Las riquezas son un don de Dios, pero pueden convertirse en un delito: así como en los malvados son un obstáculo para hacer el bien, son una virtud en aquellos que las utilizan con justicia y caridad: «Son buenas si las distribuyes a los pobres, […] si abres los graneros de tu justicia a fin de que seas el pan de los pobres, la vida de los necesitados, el ojo de los ciegos, el padre de los niños huérfanos» (7, 36)[12]. Ambrosio comenta: «Sé un agricultor espiritual, siembra lo que te es de provecho: si la tierra te da frutos más abundantes de lo que recibe, cuánto más la misericordia te devolverá multiplicado lo que des» (7, 37).
La segunda parte del tratado es el discurso parenético: se propone tocar el corazón del rico y abrirlo a la generosidad.
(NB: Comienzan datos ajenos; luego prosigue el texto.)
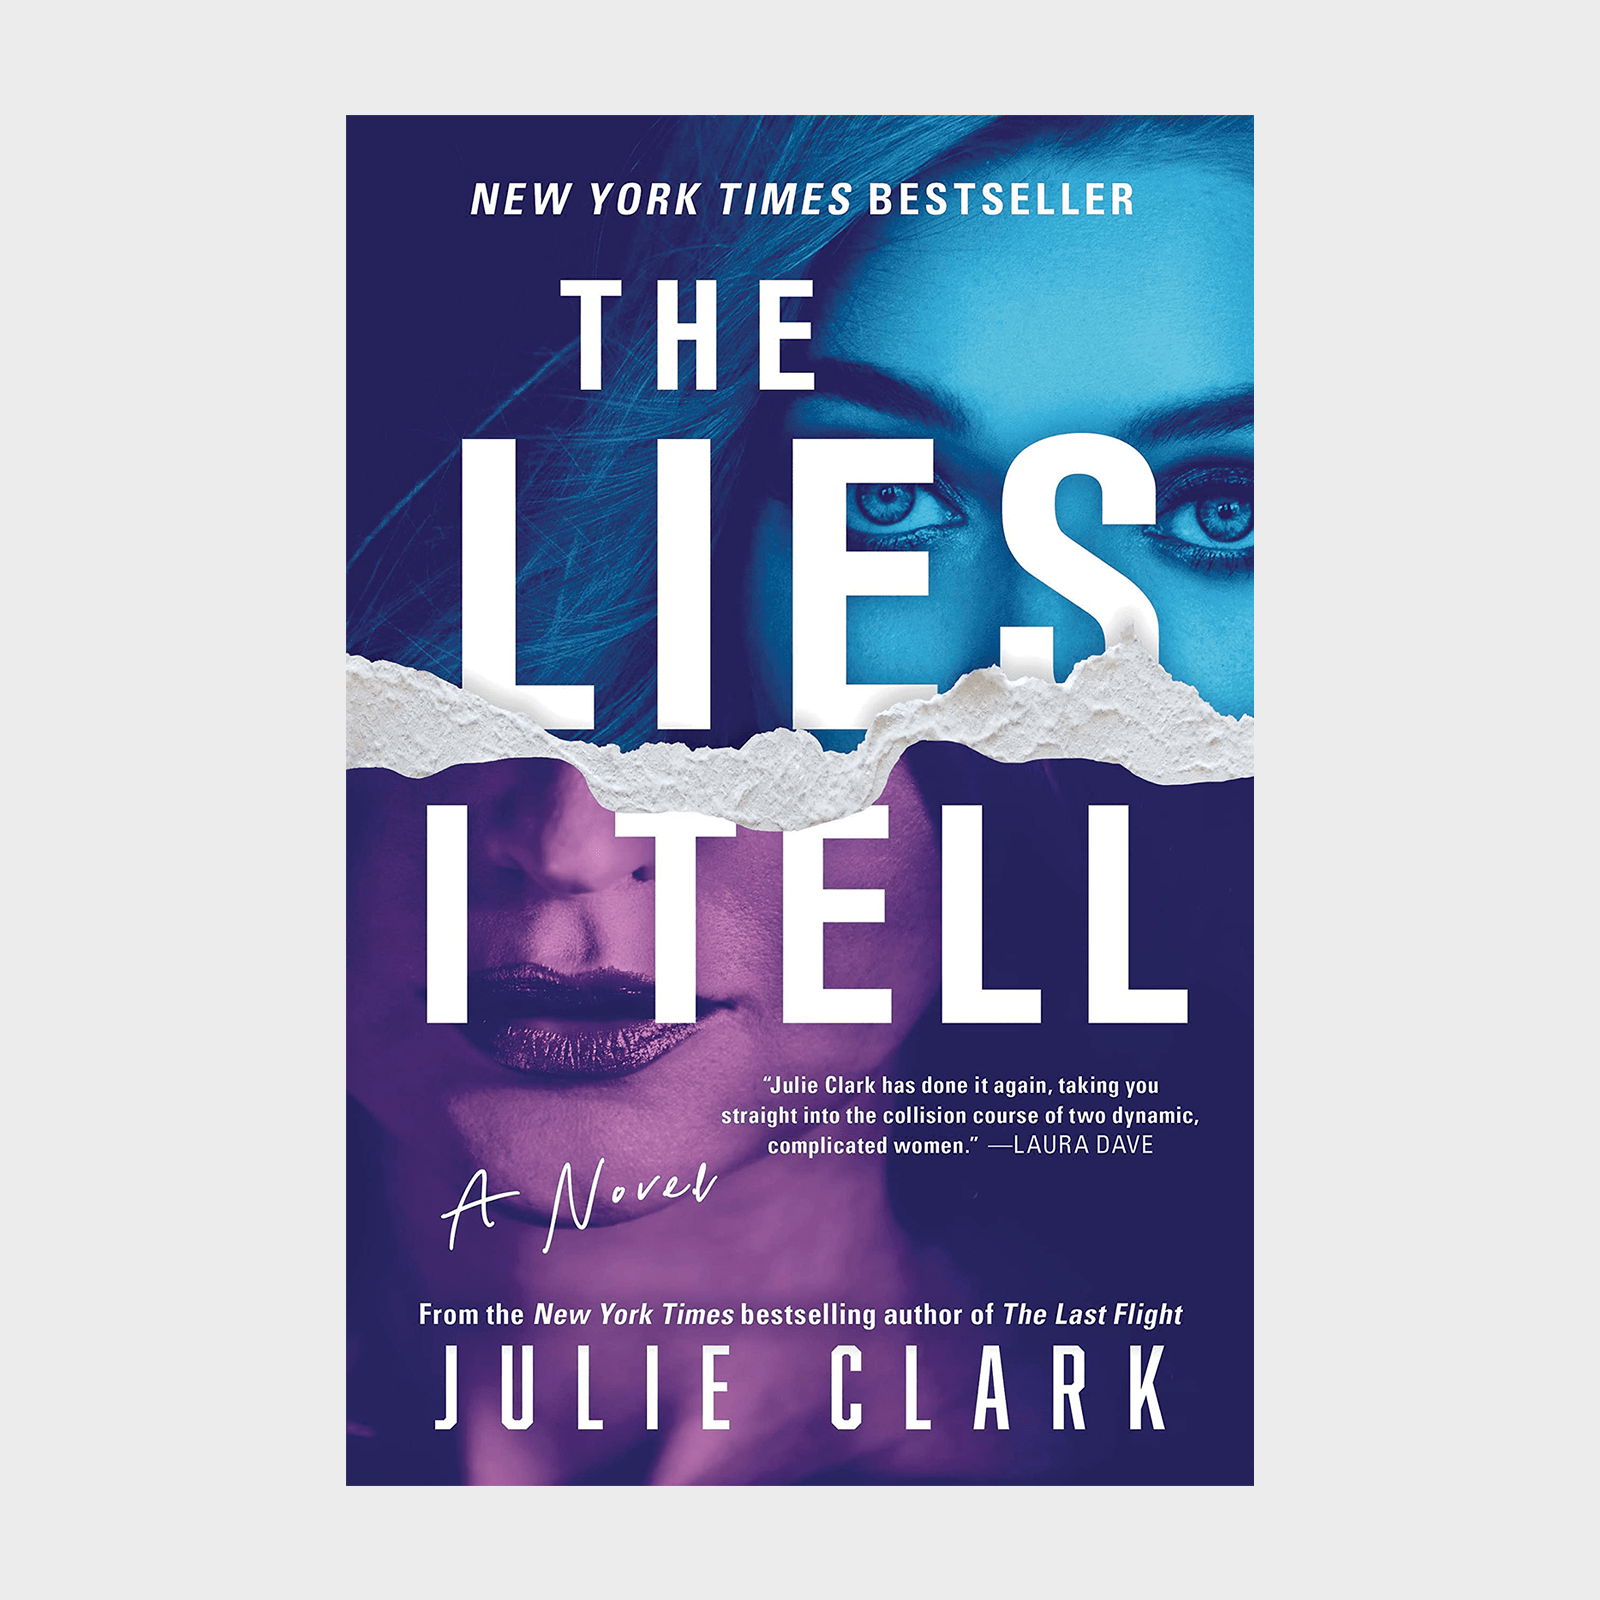 <p><strong>Release date:</strong> June 21, 2022</p> <p>Julie Clark's <a href="https://www.amazon.com/Lies-I-Tell-Novel/dp/1728247594" rel="noopener noreferrer">latest thriller</a> follows two women whose lives intertwine for the second time. First, there's Kat Roberts, the whip-smart journalist hell bent on unmasking the con woman who has eluded her for 10 years. Then there's the slippery pro herself: alternately known as Meg Williams, Maggie Littleton and Melody Wilde. When the two strike up a friendship—driven by their ulterior motives—who will come out on top? And how many lies will they tell before the truth comes out?</p> <p class="listicle-page__cta-button-shop"><a class="shop-btn" href="https://www.amazon.com/Lies-I-Tell-Novel/dp/1728247594">Shop Now</a></p>
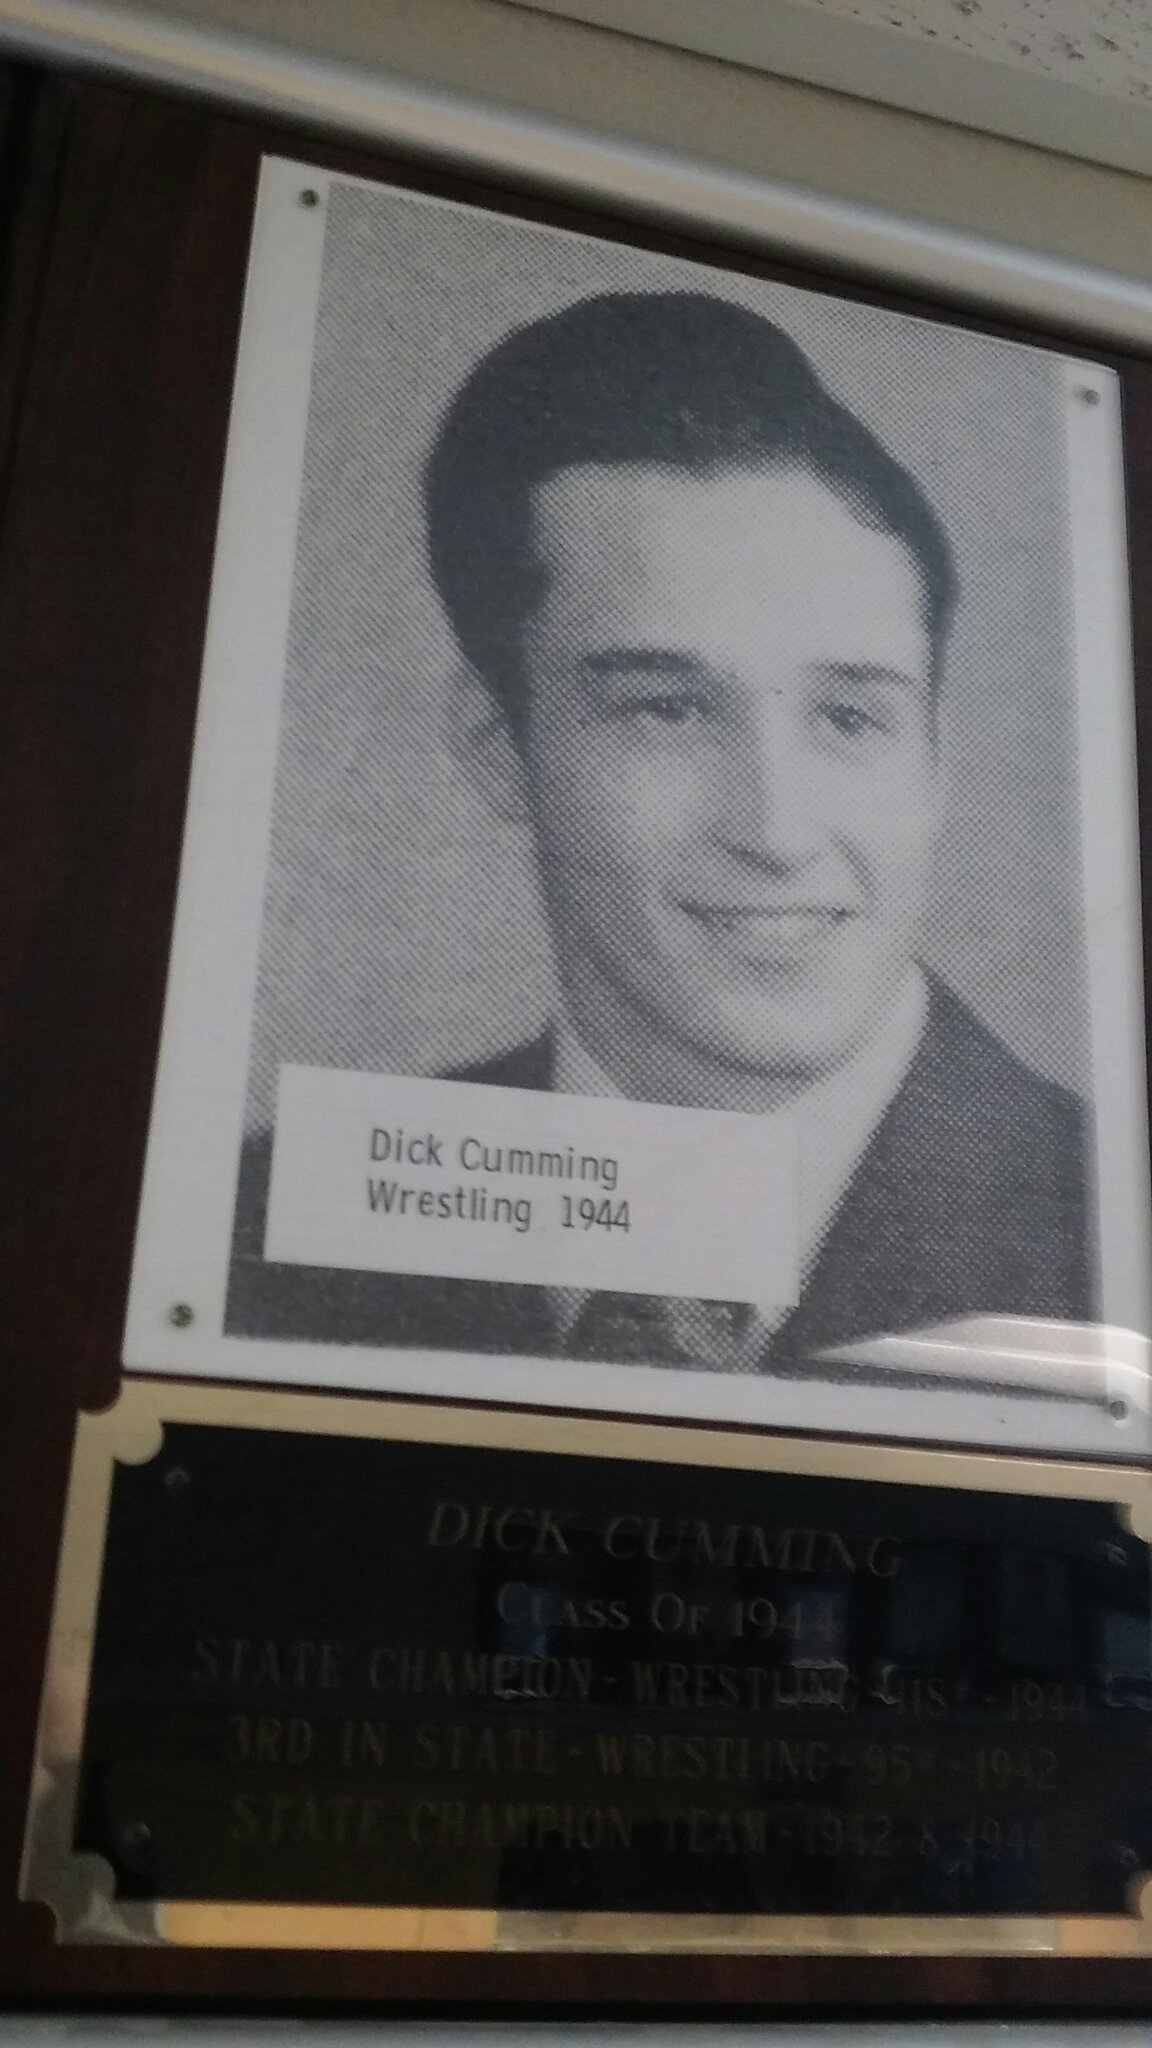 Found this legend in the trophy hall at my school - meme

Para realizar sus planes los ricos van también a la iglesia, piden la ayuda de Dios, incluso ayunan. Pero ¿cuáles son la oración y el ayuno que son gratos al Señor? Son los del que parte el pan con el hambriento, del que lleva a su casa a los necesitados sin techo, del que devuelve la libertad a los oprimidos, del que rasga toda denuncia inicua (cf. 10,45).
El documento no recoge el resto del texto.